Biosynthesis is the only source of potato starch which is an important raw material for food processing, modified starch and biomass energy. However, it is not clear about the evolution of starch synthesis with tuber development in potato. The present study evaluated the differences of starch synthesis and gelatinization properties of potato tubers with different starch content. Relative to cultivars of medium and low starch content, cultivars of high starch content showed significantly higher SBEII gene expression, AGPase and SSS enzyme activity, and total starch content after middle stage of starch accumulation, and had smaller average starch granule size during whole process of tuber development, and had higher pasting temperature before late stages of tuber growth, and had lower pasting temperature after middle stage of starch accumulation. Path analysis showed that, after middle stage of starch accumulation, effects on starch gelatinization of cultivars with high, medium and low starch content represented starch synthesis enzyme activity > starch accumulation > starch granule distribution > starch synthesis enzyme gene expression, starch synthesis enzyme gene expression > starch synthesis enzyme activity > starch accumulation > starch granule distribution, starch synthesis enzyme gene expression > starch granule distribution > starch synthesis enzyme activity > starch accumulation, respectively. In the study, phases existed in the starch biosynthesis of potato tuber, and the starch quality and its formation process were different among varieties with different starch content. The findings might contribute to starch application and potato industries.

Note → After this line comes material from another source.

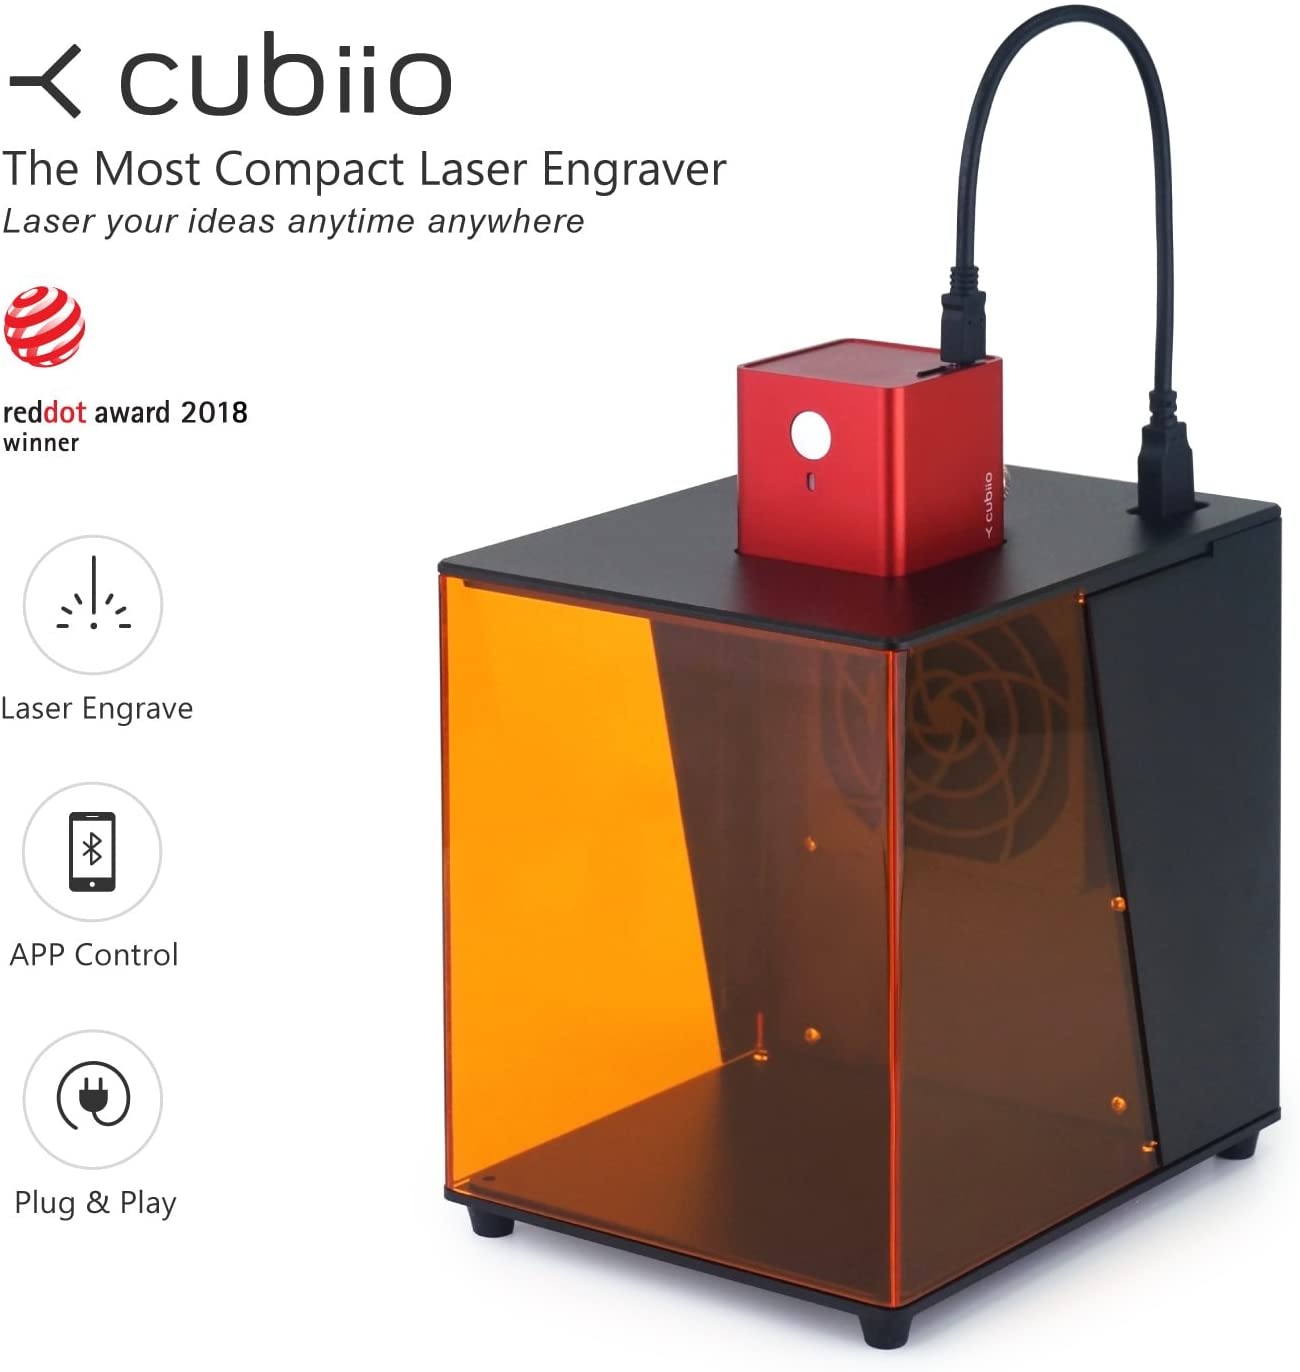 The Cubiio - The insane gadget for your next gift idea

A biossíntese é a única fonte de amido de batata que é uma importante matéria-prima para o processamento de alimentos, amido modificado e energia de biomassa. No entanto, não está claro sobre a evolução da síntese do amido com o desenvolvimento do tubérculo na batata. O presente estudo teve como objetivo avaliar as diferenças nas propriedades de síntese e gelatinização do amido de tubérculos de batata com diferentes teores de amido. Em relação às cultivares de médio e baixo teor de amido, as cultivares de alto teor de amido apresentaram expressão do gene SBEII, atividade enzimática AGPase e SSS e teor de amido total significativamente maiores após o estágio intermediário de acúmulo de amido, bem como menor tamanho médio dos grânulos de amido durante todo o processo de desenvolvimento do tubérculo, maior temperatura de colagem antes dos estágios finais de crescimento do tubérculo e menor temperatura de colagem após o estágio intermediário de acúmulo de amido. A análise de trilha mostrou que, após o estágio intermediário de acúmulo de amido, os efeitos na gelatinização do amido de cultivares com alto, médio e baixo teor de amido representaram a atividade da enzima de síntese de amido> acúmulo de amido> distribuição de grânulos de amido> expressão gênica de enzima de síntese de amido; expressão gênica de enzima de síntese de amido > atividade da enzima de síntese de amido> acúmulo de amido> distribuição de grânulos de amido; expressão gênica da enzima de síntese de amido> distribuição de grânulos de amido> atividade de síntese de amido> acúmulo de amido, respectivamente. No estudo, as fases existentes na biossíntese do amido do tubérculo de batata, e a qualidade do amido e seu processo de formação foram diferentes entre as variedades com diferentes teores de amido. As descobertas podem contribuir para a aplicação de amido e as indústrias de batata.